Friday, March 01, 2013

House votes to ban hand-held cell phones while driving

By Jamey Dunn

The Illinois House today approved a ban on the use of hand-held cellphones while driving.

House Bill 1247 prohibits the hand-held use of a cell phone while driving. The bill would allow drivers to talk on the phone if they use a speakerphone setting or a device that allows them to chat hands-free. The measure also has an exception for emergency situations. The legislation would allow police to pull over drivers they saw using cell phones.

The House passed a similar ban last year, but it was not called for a floor vote in the Senate. However, Senate President John Cullerton also said last year that he thought a ban on all cell phone use while driving “might be inevitable” in Illinois. “There’s no question it’s a distraction from driving,” Cullerton said at the time. “There’s not a big difference between whether you’re holding a phone or whether you’re not holding a phone. It’s the distraction in talking to someone that’s not in the car with you. It’s not what’s in your hand; it’s what’s in your head.” He said such a ban would probably come incrementally. The state has already banned texting while driving, as well as talking on cell phones in construction zones and school zones. In Illinois, drivers under 18 are prohibited from talking on cell phones while driving. There is also a national ban on drivers of large trucks and buses using phones while on the road.

Opponents of the ban passed today said that they think the end goal of supporters is a complete ban on cell phone use while driving. HB 1247 sponsor Rep. John D’Amico, a Chicago Democrat, said that he is not pushing for a full ban. “That is not where I intend to go,” he said. Some Republicans called the bill an overreach of government into people’s lives. “This kind of stuff is the ultimate, ultimate in Big Brother,” said Rep. Mike Bost, a Murphysboro Republican. He said drivers engage in many other activities behind the wheel, such as applying makeup disciplining children or eating, that can be distracting and dangerous. “I know it is dangerous, but there’s a lot of things that we do every day while driving in our cars that become dangerous. ... Where do we stop [on bans]?”

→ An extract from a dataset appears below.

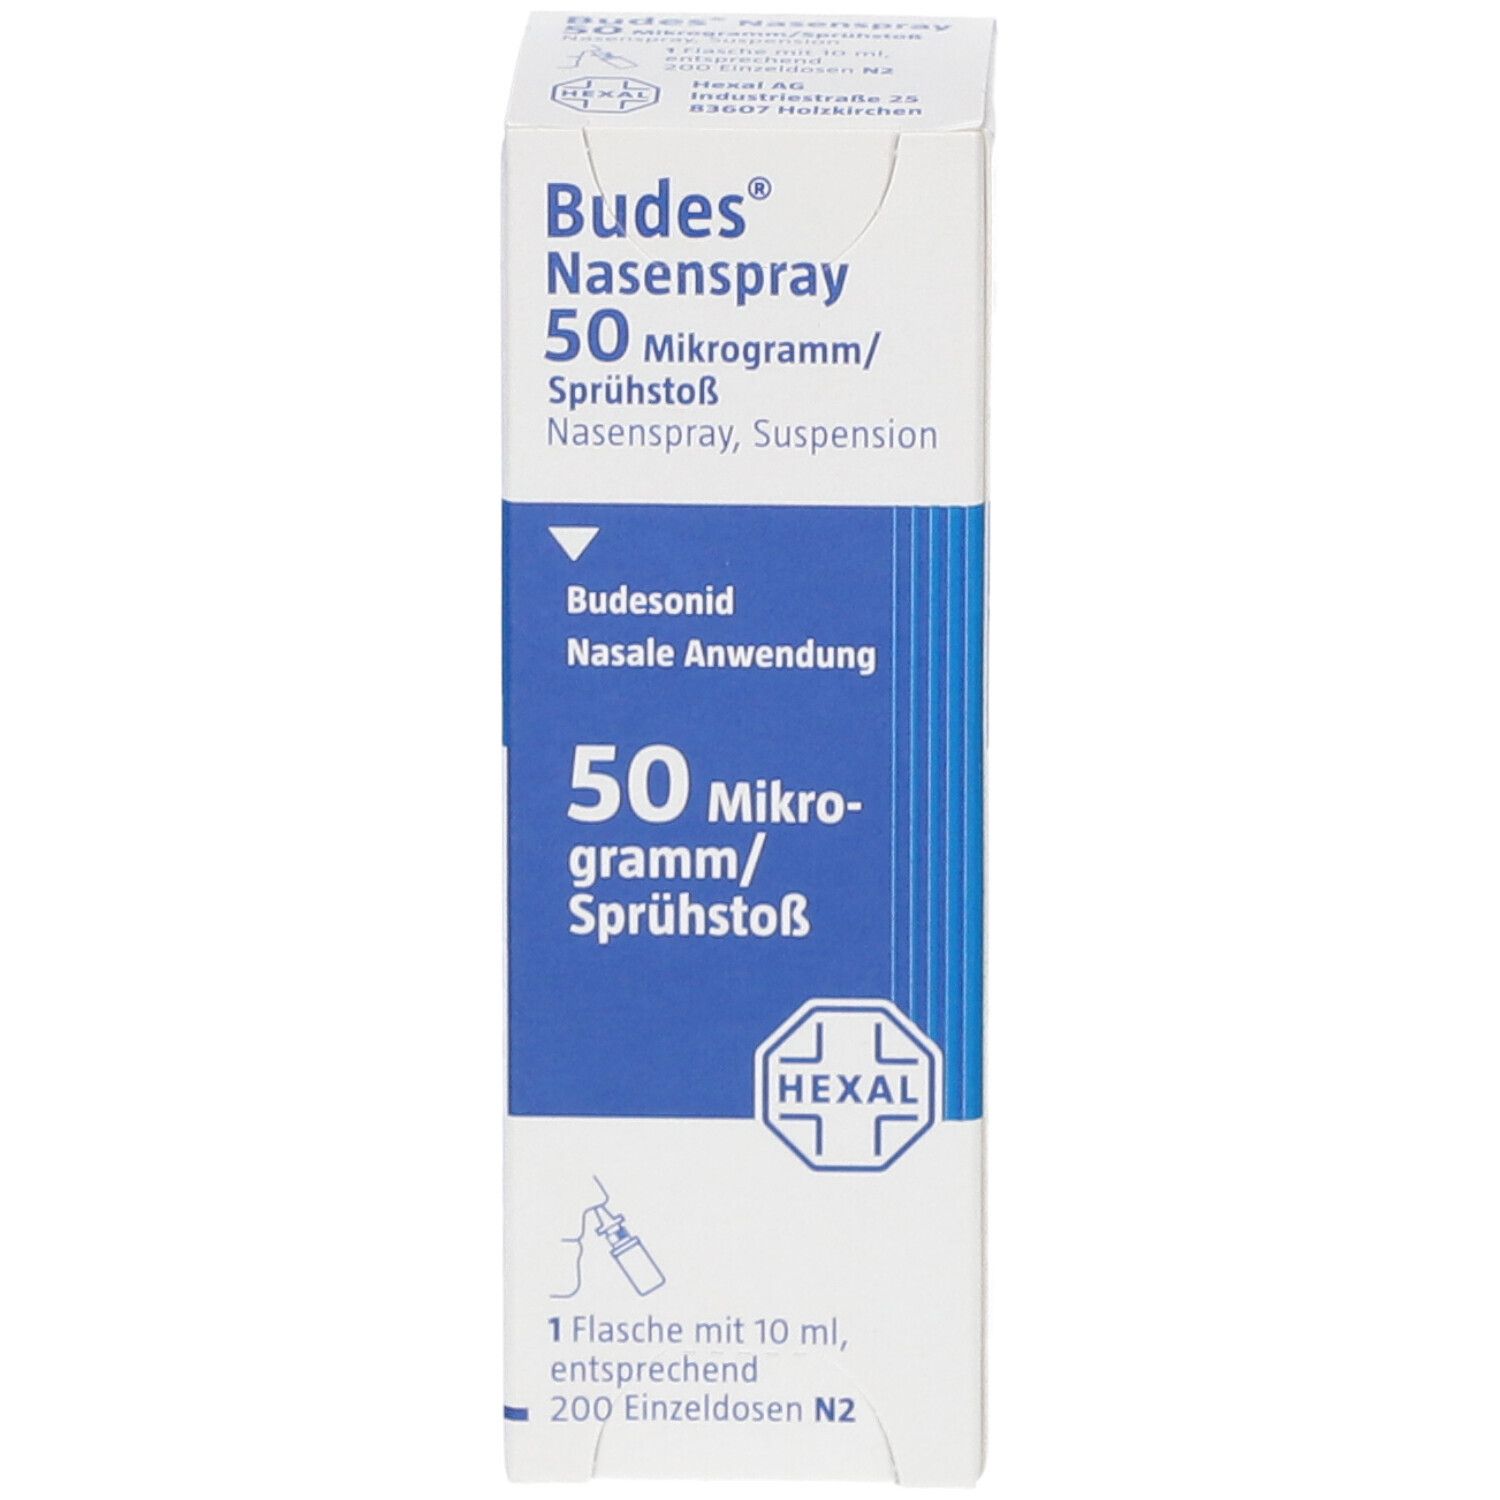 Budes® Nasenspray 50 μg/Sprühstoß

 Rep. David Harris, an Arlington Heights Republican, said “I readily admit” that the legislation has “elements of Big Brother.”

“This is the government telling you what you can and cannot do within the confines of your car while driving.” But Harris said that the intrusion is justified by the public safety benefits. He noted that technology would eventually reach the point where all drivers would use their phones hands-free. “Until that time comes, our job is to try to make the roadways as safe as possible.”

D’Amico said that more than 70 local governments in Illinois already ban the use of hand-held cell phones while driving, and it makes sense to put a consistent statewide policy in place. “People are dying every day, and if we can do something about it, we need to stop it.” The legislation passed on a 64-46 vote and now heads to the Senate.